[Start of Attachment]

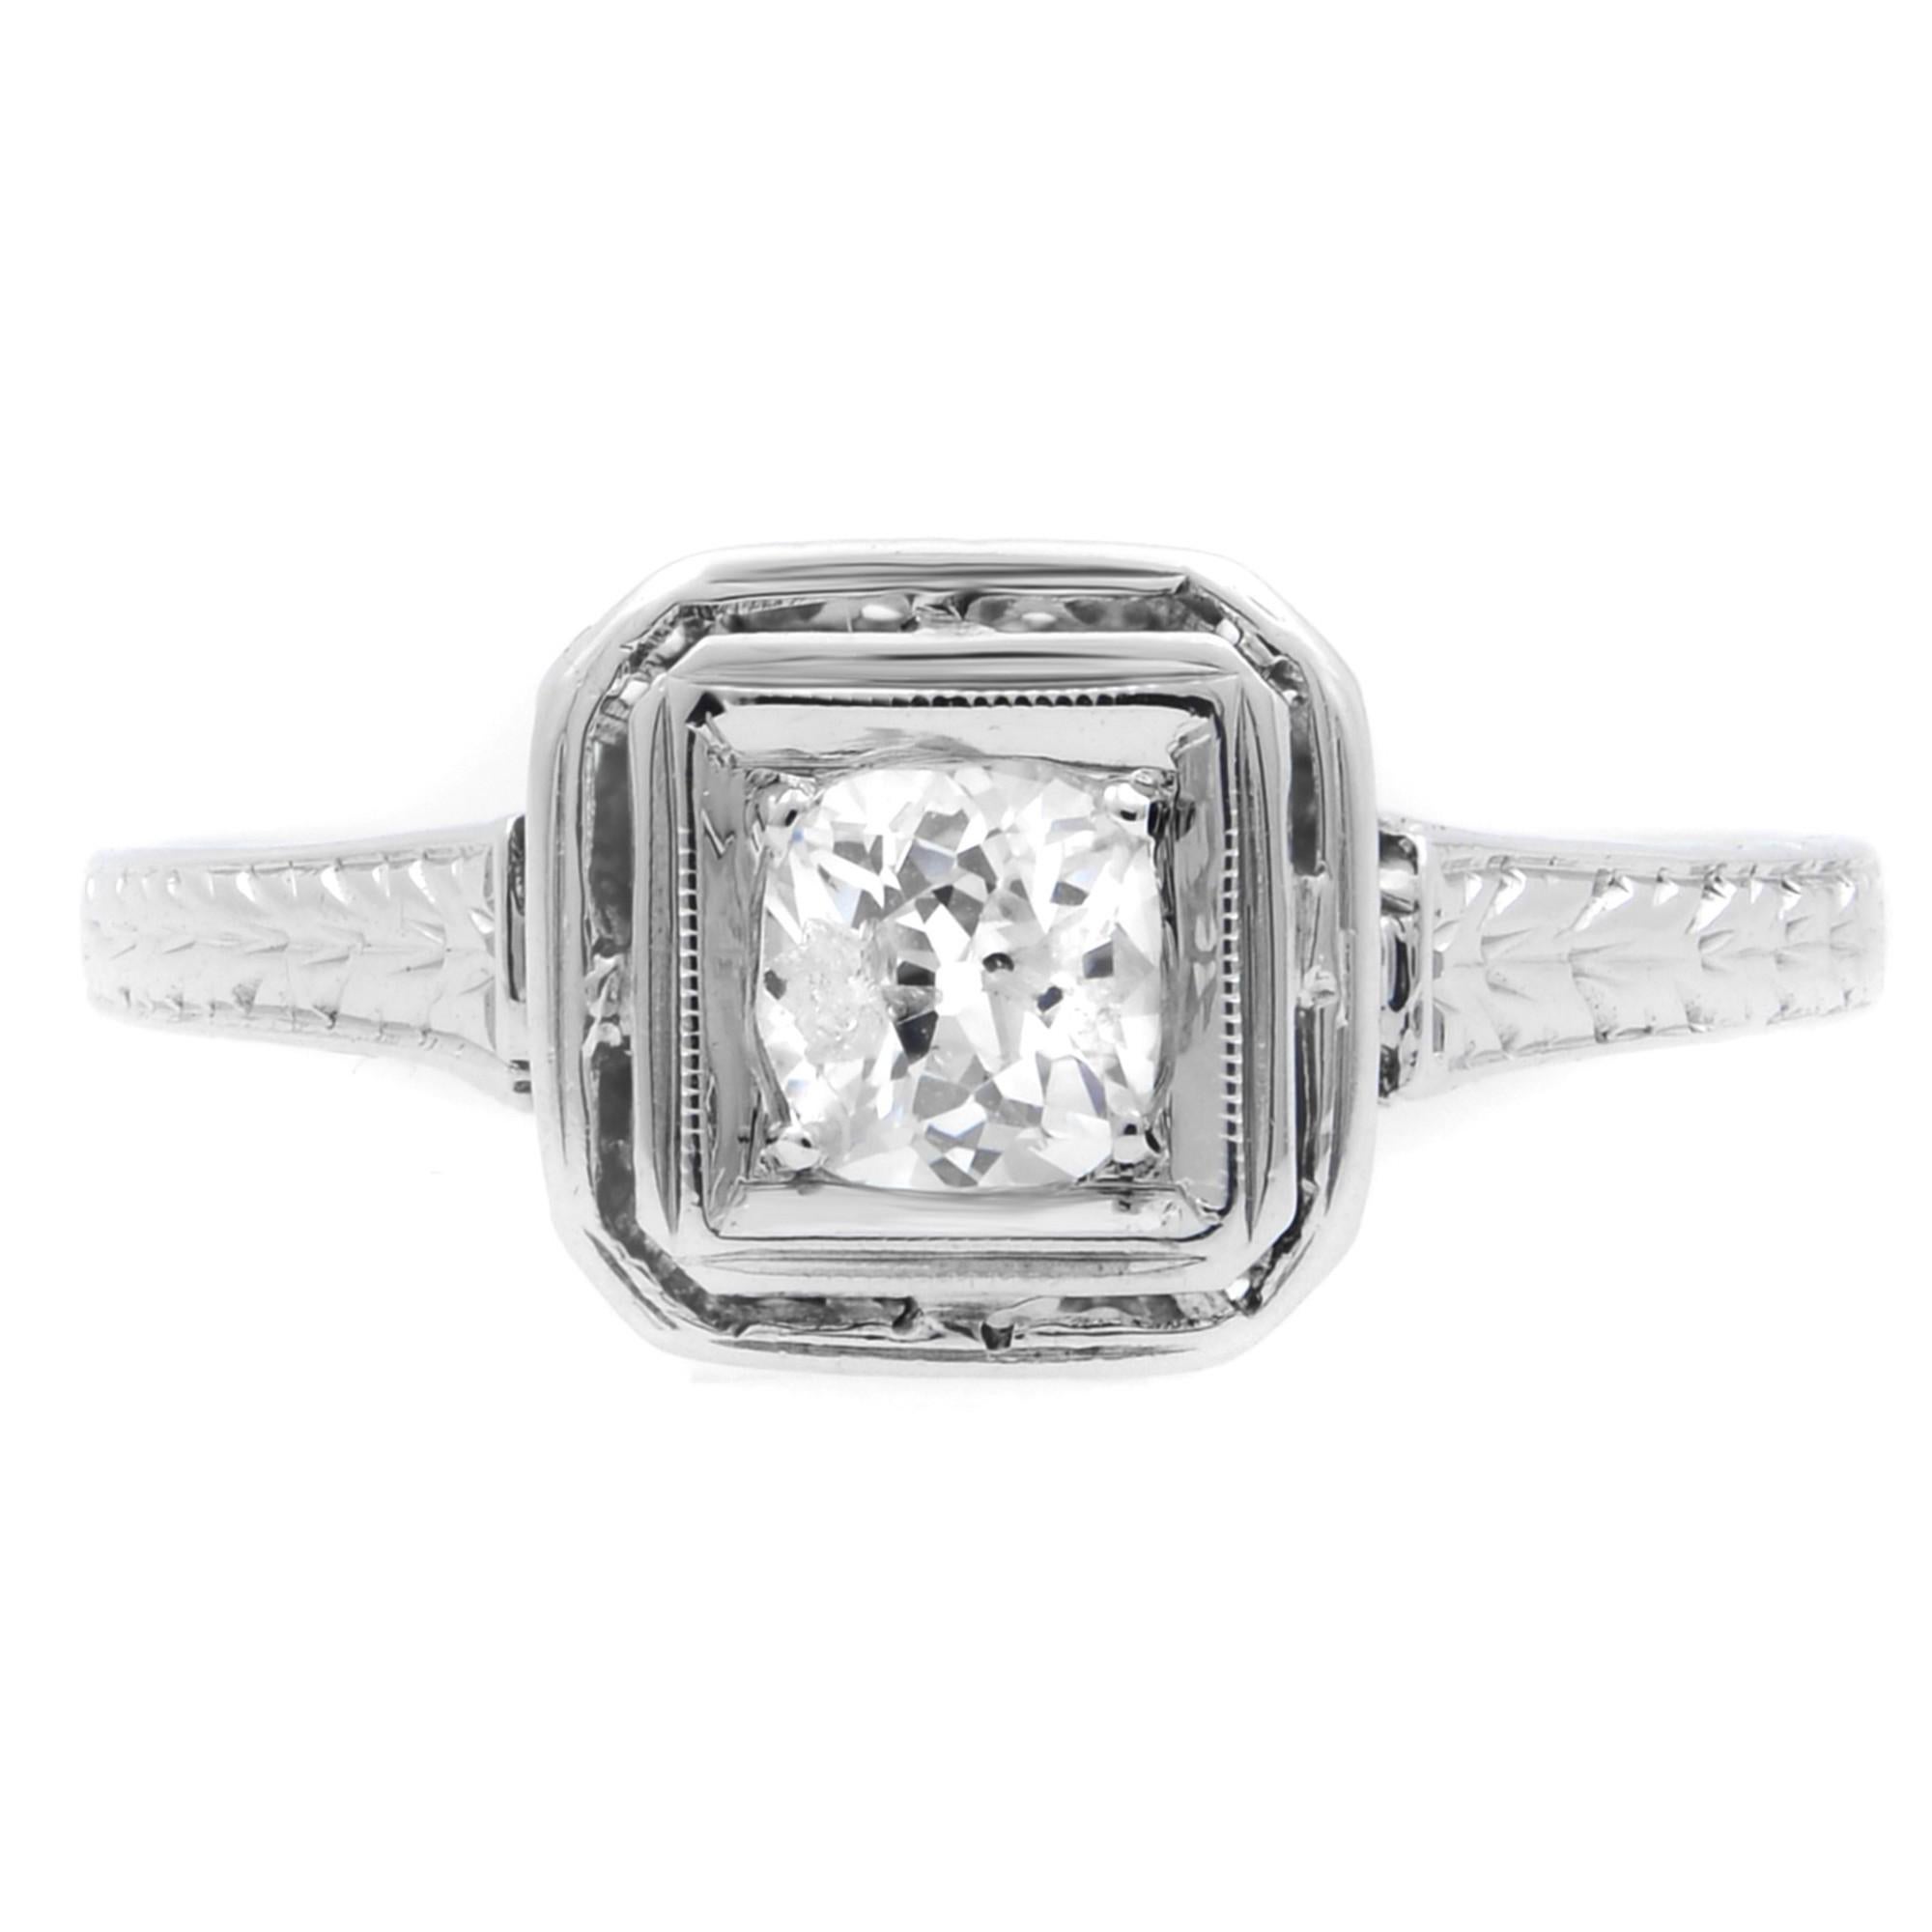 Simple yet alluring, this antique diamond engagement ring is crafted in platinum. It features a prong set round cut diamond weighing 0.50 carat with an engraved shank. Diamond quality: color G-H and clarity SI2. Ring size: 6. Total weight: 2.21
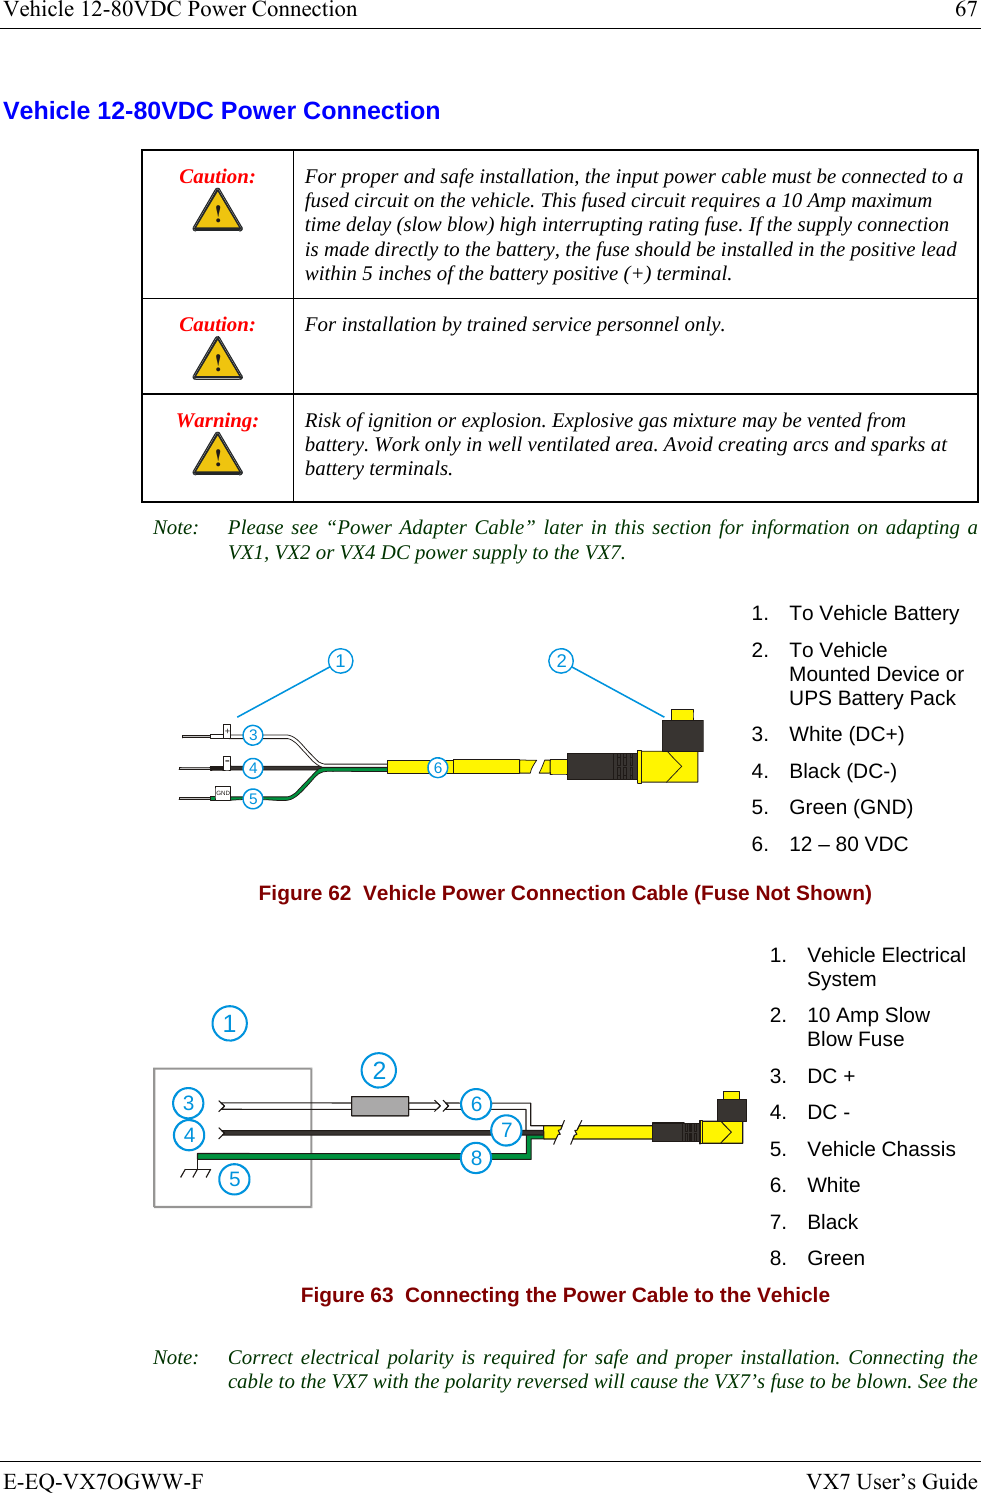 Vehicle 12-80VDC Power Connection  67 E-EQ-VX7OGWW-F  VX7 User’s Guide Vehicle 12-80VDC Power Connection Caution: ! For proper and safe installation, the input power cable must be connected to a fused circuit on the vehicle. This fused circuit requires a 10 Amp maximum time delay (slow blow) high interrupting rating fuse. If the supply connection is made directly to the battery, the fuse should be installed in the positive lead within 5 inches of the battery positive (+) terminal. Caution: ! For installation by trained service personnel only. Warning: ! Risk of ignition or explosion. Explosive gas mixture may be vented from battery. Work only in well ventilated area. Avoid creating arcs and sparks at battery terminals. Note:  Please see “Power Adapter Cable” later in this section for information on adapting a VX1, VX2 or VX4 DC power supply to the VX7. GND+-34561 2 1.  To Vehicle Battery 2. To Vehicle Mounted Device or UPS Battery Pack 3. White (DC+) 4. Black (DC-) 5. Green (GND) 6.  12 – 80 VDC Figure 62  Vehicle Power Connection Cable (Fuse Not Shown) 54321678 1.   Vehicle Electrical System 2.   10 Amp Slow Blow Fuse 3.   DC + 4.   DC - 5.   Vehicle Chassis 6.   White 7.   Black 8.   Green Figure 63  Connecting the Power Cable to the Vehicle Note:  Correct electrical polarity is required for safe and proper installation. Connecting the cable to the VX7 with the polarity reversed will cause the VX7’s fuse to be blown. See the 
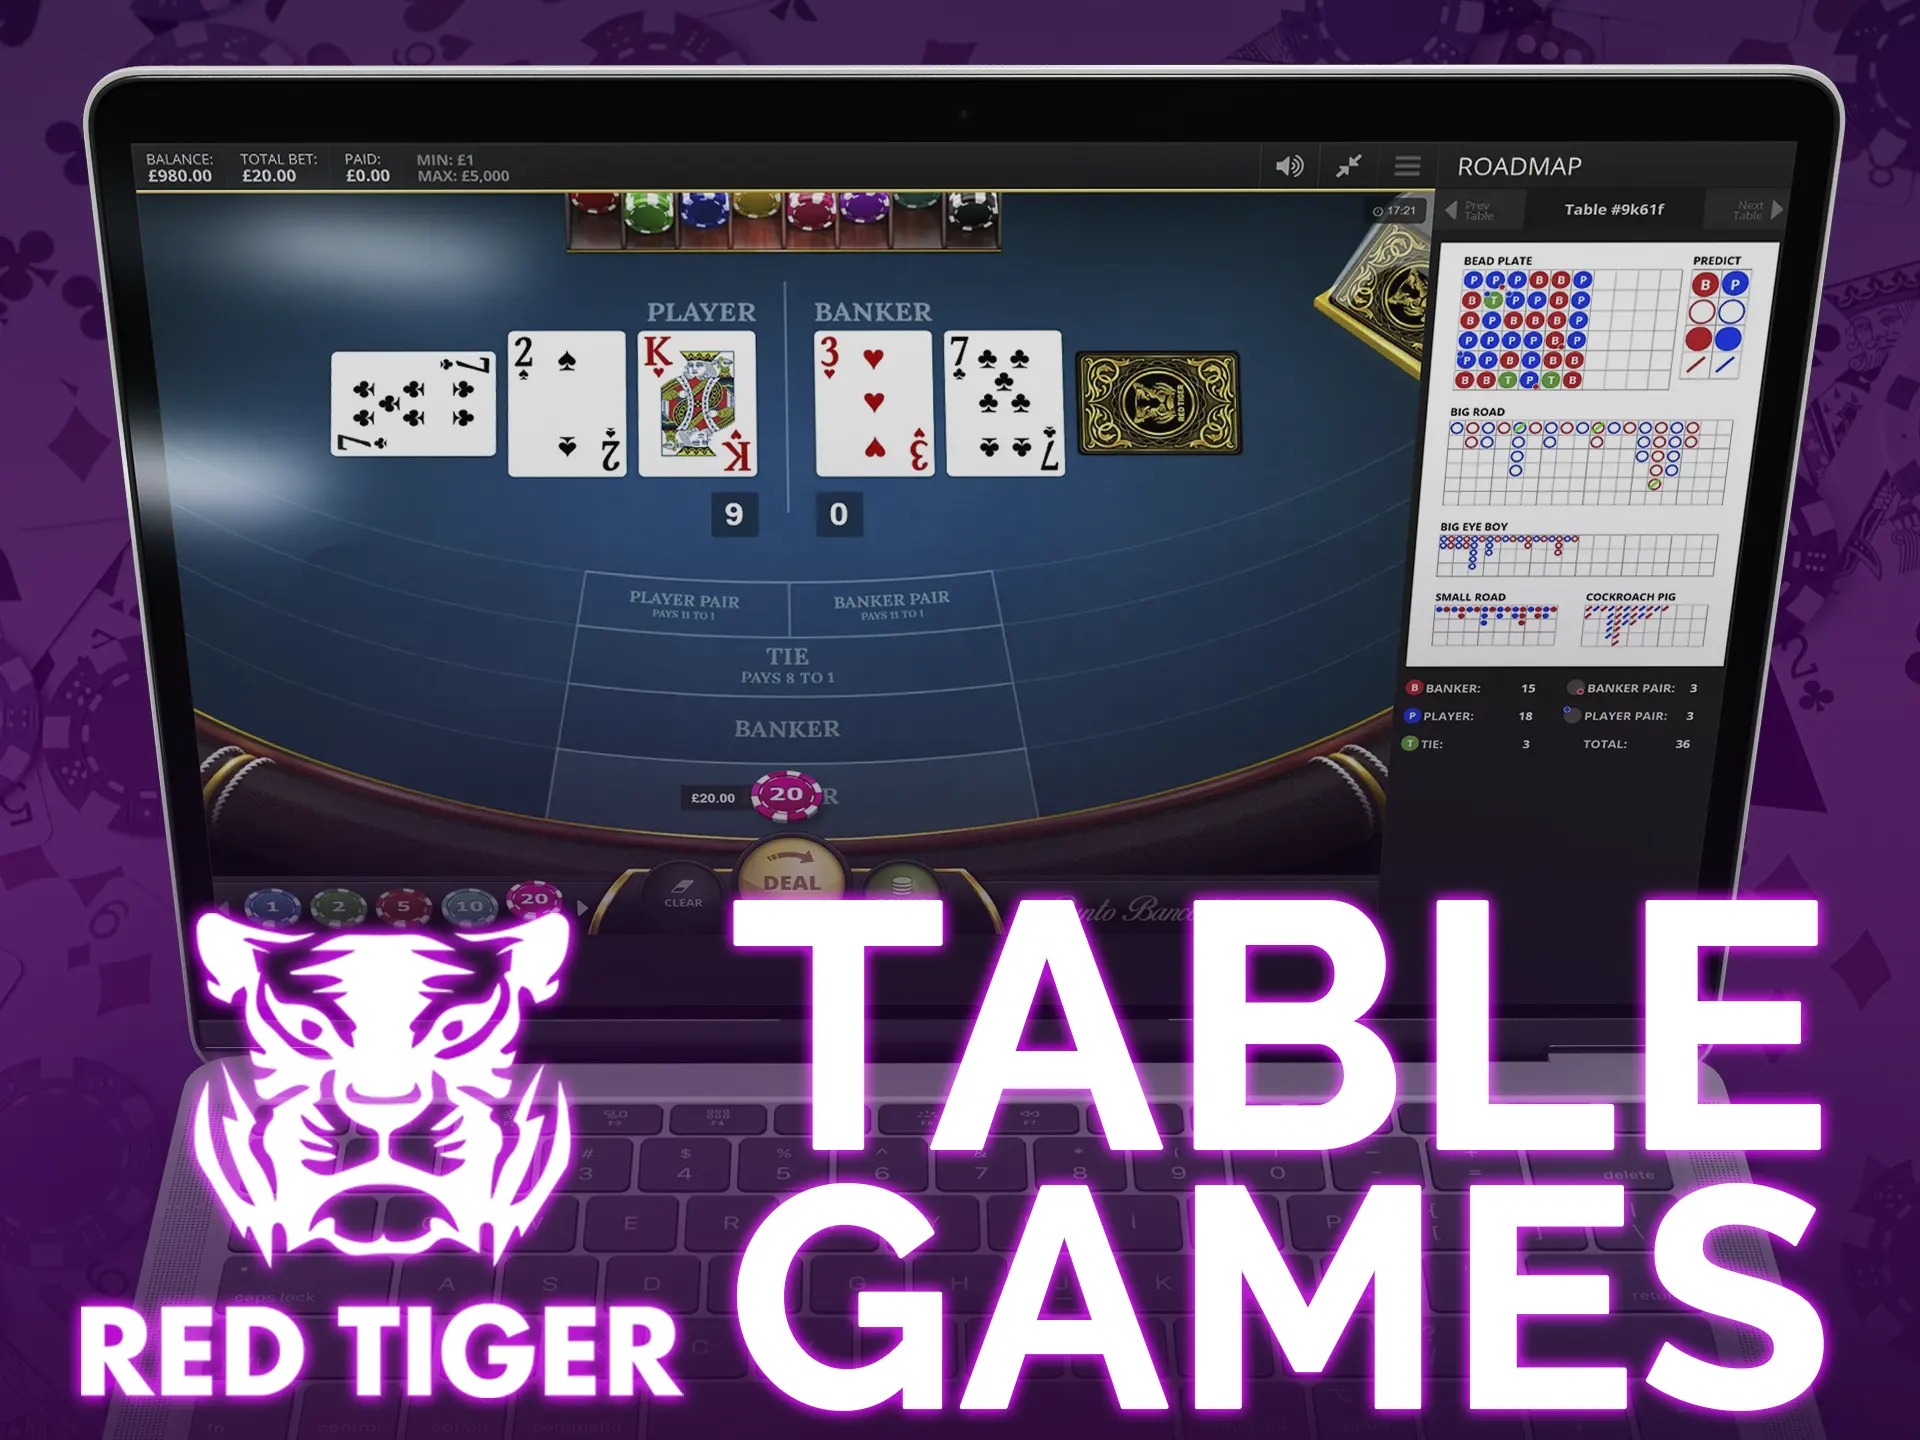 Red Tiger's portfolio features high-quality card and table games, including European Roulette, Classic Blackjack, Punto Banco, and Deal Or No Deal.

[End of Attachment]

● **Aim of the exercise**
All of the data above should be quoted exactly, except for the pictures.

● **Answer to the problem**
 Simple yet alluring, this antique diamond engagement ring is crafted in platinum. It features a prong set round cut diamond weighing 0.50 carat with an engraved shank. Diamond quality: color G-H and clarity SI2. Ring size: 6. Total weight: 2.21
 Vehicle 12-80VDC Power Connection  67 E-EQ-VX7OGWW-F  VX7 User’s Guide Vehicle 12-80VDC Power Connection Caution: ! For proper and safe installation, the input power cable must be connected to a fused circuit on the vehicle. This fused circuit requires a 10 Amp maximum time delay (slow blow) high interrupting rating fuse. If the supply connection is made directly to the battery, the fuse should be installed in the positive lead within 5 inches of the battery positive (+) terminal. Caution: ! For installation by trained service personnel only. Warning: ! Risk of ignition or explosion. Explosive gas mixture may be vented from battery. Work only in well ventilated area. Avoid creating arcs and sparks at battery terminals. Note:  Please see “Power Adapter Cable” later in this section for information on adapting a VX1, VX2 or VX4 DC power supply to the VX7. GND+-34561 2 1.  To Vehicle Battery 2. To Vehicle Mounted Device or UPS Battery Pack 3. White (DC+) 4. Black (DC-) 5. Green (GND) 6.  12 – 80 VDC Figure 62  Vehicle Power Connection Cable (Fuse Not Shown) 54321678 1.   Vehicle Electrical System 2.   10 Amp Slow Blow Fuse 3.   DC + 4.   DC - 5.   Vehicle Chassis 6.   White 7.   Black 8.   Green Figure 63  Connecting the Power Cable to the Vehicle Note:  Correct electrical polarity is required for safe and proper installation. Connecting the cable to the VX7 with the polarity reversed will cause the VX7’s fuse to be blown. See the 
 Red Tiger's portfolio features high-quality card and table games, including European Roulette, Classic Blackjack, Punto Banco, and Deal Or No Deal.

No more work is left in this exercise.